Nós também não aceitamos...


Titãs - Querem o meu sangue

Apesar da grande mídia, Fidel vive e viverá. Cuba livre também.

Quando a revolução cubana foi vitoriosa em 1959, minha mãe ainda era uma menina quase moça. Isso quer dizer que eu não era sequer projeto de vida, quando Fidel, Raul Castro, Che e os seus companheiros, depois de montarem base guerrilheira na Sierra Maestra e conquistarem o apoio dos campesinos, derrubaram o governo do ditador Fulgêncio Batista, devolvendo Cuba aos cubanos. Até então, a ilha era um quintal, ou melhor, um misto de cabaré e cassino dos Estados Unidos. Aliás, essa parte da história nunca aparece nas reportagens da grande mídia. Aliás, a grande mídia não dá voz, por exemplo, a intelectuais como Noam Chomsky, lingüista estadunidense, respeitado no mundo acadêmico em todo o planeta terra, que demonstra, a partir de dados e números, que os Estados Unidos são o país mais terrorista do globo e nunca vi um jornal chamar Bush de terrorista.
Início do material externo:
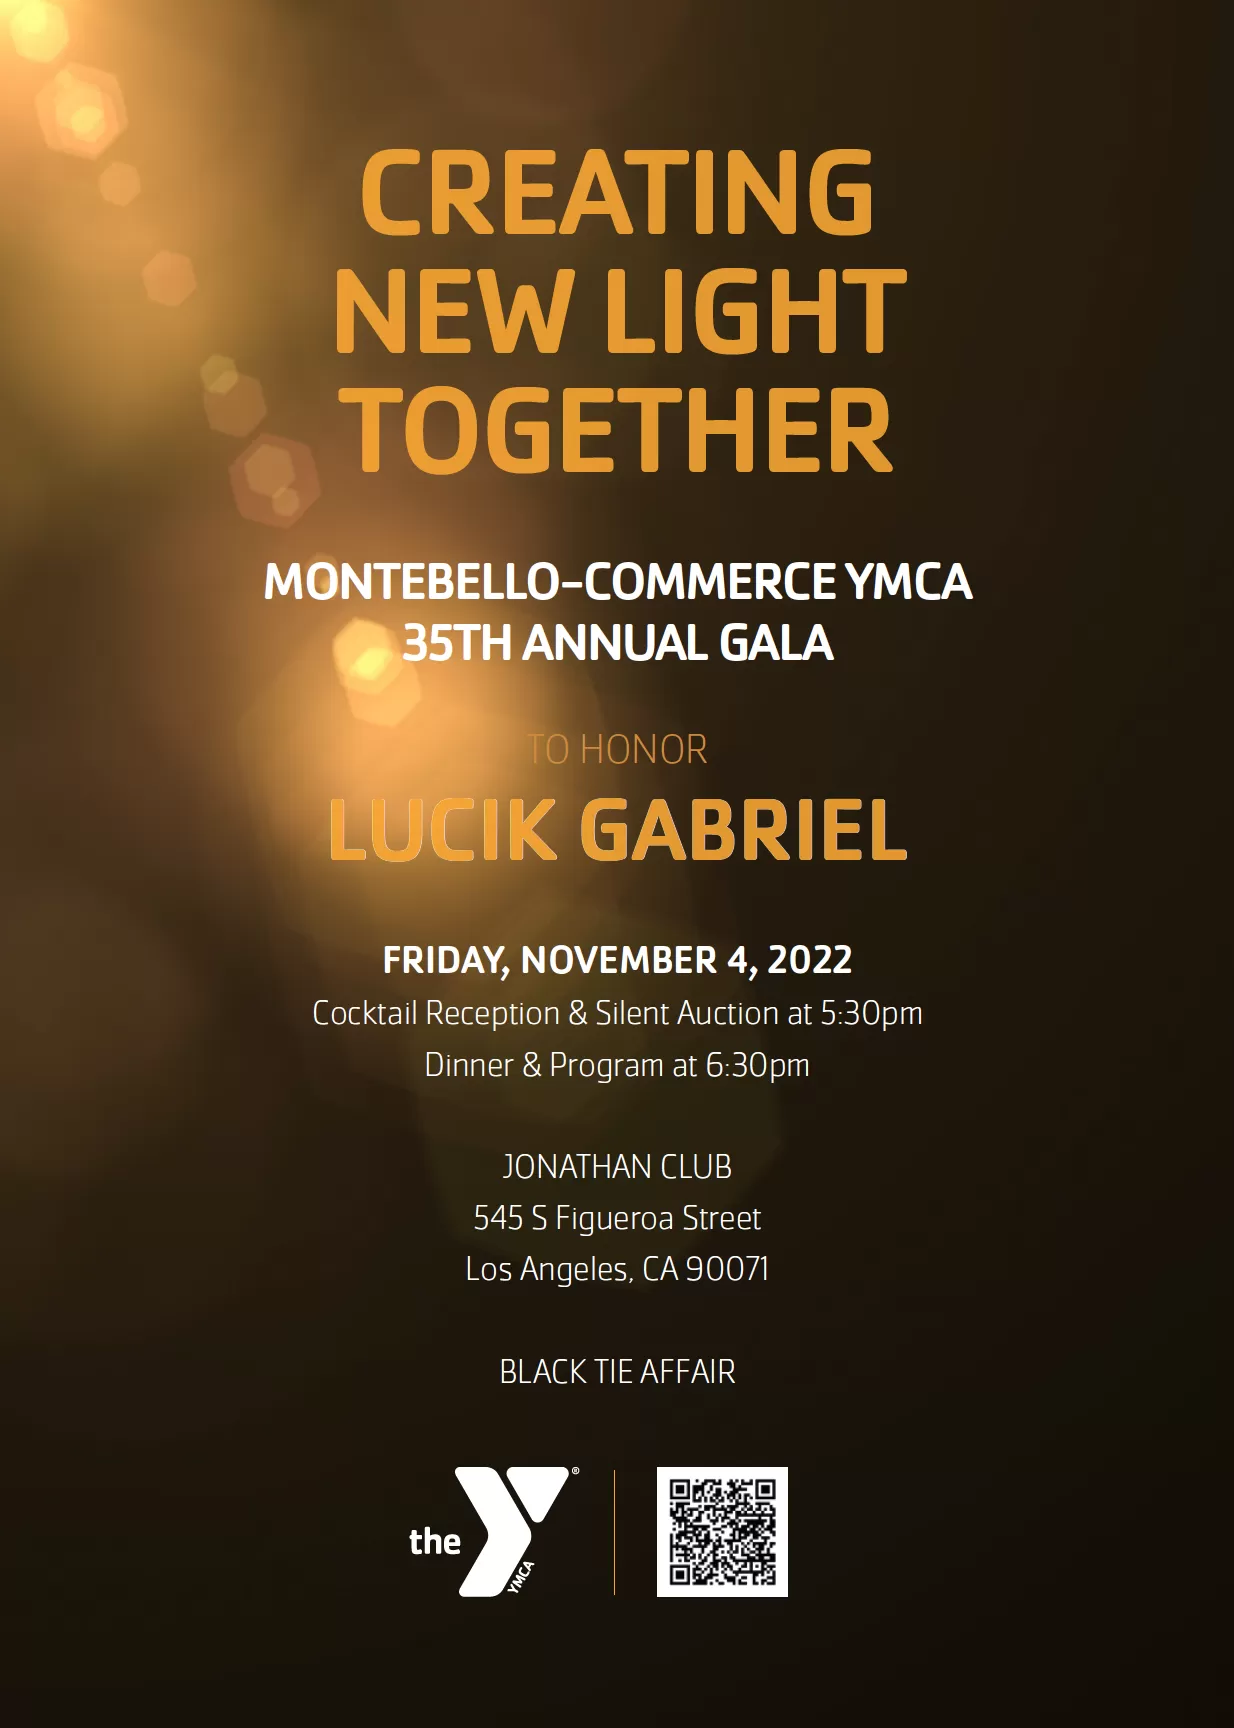 Montebello-Commerce YMCA 35th Annual Gala

Aliás, o Jornal da Globo desta noite me deu ânsia de vômito ao retratar a história de Fidel. A velha fórmula da manipulação para anunciar o pensamento da emissora como verdade absoluta, acima da história.
Mas voltando à nossa ilha vermelha e hermosa, foi apenas vinte e cinco anos depois da revolução, por volta dos meus 14 anos, que Cuba me foi apresentada por Geraldo Garcia e Cácia Cortez como uma referência do sonho de igualdade, da auto-determinação dos povos, de soberania, enfim, do sonho socialista. Um sonho que nos moveu e nos move - às vezes, com mais intensidade para uns e menos intensidade para outros/as (alguns até se perderam no caminho). Um sonho que foi ganhando outras nuances, incorporando a igualdade de gênero, étnica, a defesa do meio ambiente, mas que, sem nenhuma dúvida, teve traços de José Marti, líder intelecutal e poeta cubano, que merece destaque na história do pensamento socialista latino-americano e mundial e a quem Fidel e seu povo sempre procuram honrar, entoando e replicando seus pensamentos, versos e ensinamentos - “Con los pobres de la tierra/ Quiero yo mi suerte echar” (Martí).
A coragem e a determinação de Fidel, do conselho da revolução e do povo cubano foram alimentos para a resistência aos embargos econômicos, às propagandas anti-comunistas espalhadas pela mídia, aos ataques do império comandados pelos Estados Unidos, que não admitem que nenhum povo construa com as suas próprias mãos um destino diferente do capitalismo.
Hoje,19 de fevereiro, ao deixar a Presidência do Conselho de Estado de Cuba, Fidel, bem diferente do retrato mal pintado pela grande mídia, que a serviço da ideologia estadunidense já o declarou morto diversas vezes, demonstra ser um homem revolucionário no sentido pleno: “Não me despeço de vocês. Desejo apenas lutar como um soldado das idéias. Continuarei a escrever sob o título 'Reflexões do companheiro Fidel'. Será mais uma arma do arsenal com o qual se poderá contar. Talvez minha voz seja ouvida. Serei cuidadoso".
Apesar de a grande Mídia e do império decadente dos EUA, Fidel vive e viverá. Cuba livre também. E os sonhos de José Martí, Simon Bolívar, Tupac Amaru, Zumbi, Antônio Conselheiro, Marçal de Souza e outros latino-americanos também.

Melhor retrato de Fidel

Deixo aqui o melhor retrato do Fidel, feito com palavras sábias de Ignácio Ramonet, grande jornalista do Le Monde Diplomatique:

“A coisa mais surpreendente que eu achei sobre esse homem, em mais de cem horas que passamos juntos em conversas para a compilação de sua memória, foi o quanto ele era modesto, humano, discreto e respeitoso. Ele tem uma enorme moral e senso ético. Ele é um homem de princípios rigorosos e existência sóbria. Ele também é – eu descobri – apaixonado pelo meio ambiente.Ele não é nem o homem que a mídia ocidental pinta nem o super-homem que a imprensa cubana às vezes apresenta. Ele é um homem normal, ainda que um homem incrivelmente batalhador. É um estrategista exemplar, que conduziu sua vida com permanente resistência. Ele contém uma curiosa mistura de idealismo e pragmatismo: ele sonha com uma sociedade perfeita, mas sabe que as condições materiais são muito difíceis de serem transformadas. Ele deixa seu gabinete confiante que o sistema político de Cuba está estável. Sua preocupação atual não é mais sobre o socialismo no seu país do que a qualidade de vida ao redor do mundo, onde muitas crianças são iletradas, famintas e sofrendo de doenças que poderiam ser facilmente curáveis.”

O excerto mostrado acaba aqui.